Atlanta Public Schools will make up seven days lost to bad weather this year by adding 30 minutes to the end of the day from Jan. 29 through March 30. (Schools not operating on the district schedule will also add 30 minutes to their instructional day.)

This means:

  • Elementary schools will release at 3 p.m.
  • High schools will release at 4 p.m.
  • Middle schools will release at 4:35 p.m.

Here is the official statement tonight from APS:

Before making a decision on a plan for make-up days, APS Superintendent Dr. Meria Carstarphen wanted to hear directly from stakeholders in APS. The district gathered feedback from parents, principals, students, staff, and the community and issued a survey on the topic, outlining six options for making up the missed days.

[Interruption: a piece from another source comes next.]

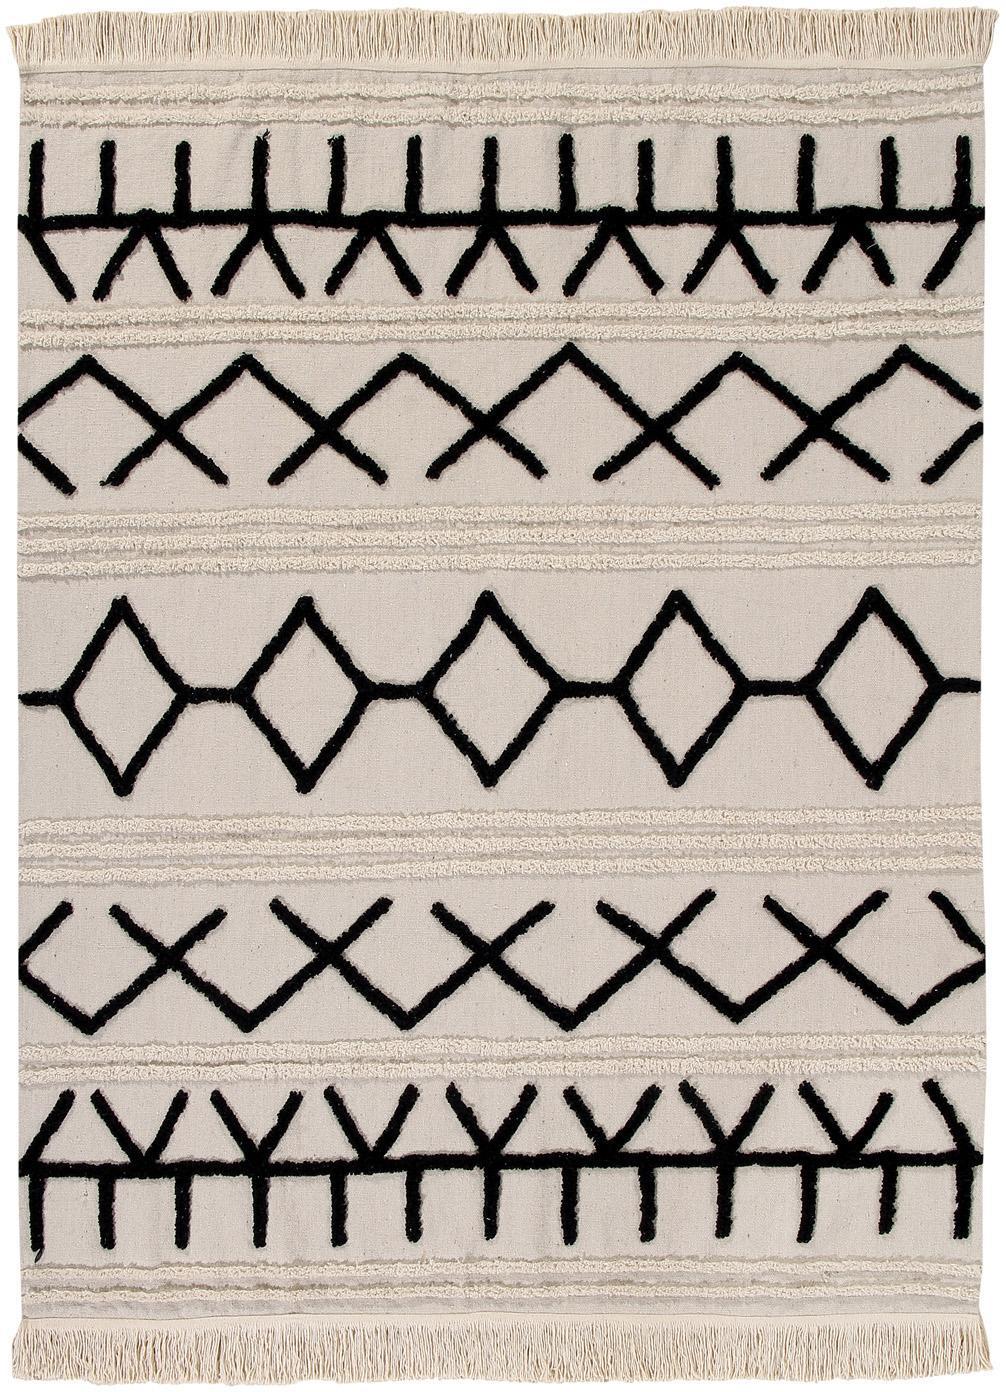 Teppich Berber, Flor: 60% Baumwolle, 40% recyce, Beige, Schwarz, B 120 x L 160 cm (Größe S)

By the Sunday, January 21 deadline at 11:45 p.m., 14,421 people had completed the survey, selecting option five, which would extend the school day by 30 minutes.

“With each school cancellation, I grew more concerned about the significant loss of instructional time our students had suffered,” said Dr. Carstarphen. “Although Atlanta Public Schools has the flexibility and autonomy with operational decisions and is therefore not required by the state to make up days, we know that it’s important to identify possible options for our community to consider and weigh in on. Stakeholder feedback influenced our decision significantly.”

Total survey responses 14,421

  • Students: 2,976 (20.64%)
  • Parents: 6,973 (48.35%)
  • Employees: 3,945 (27.36%)
  • Community: 527 (3.65%)

  Total option responses

  • Option 1: 2,183 (15.14%)
  • Option 2: 1,188 (8.24%)
  • Option 3: 2,583 (17.91%)
  • Option 4: 1,066 (7.39%)
  • Option 5: 4,021 (27.88%)
  • Option 6: 3,380 (23.44%)

In addition, APS surveyed principals separately and nearly half of them (49%) preferred Option 5.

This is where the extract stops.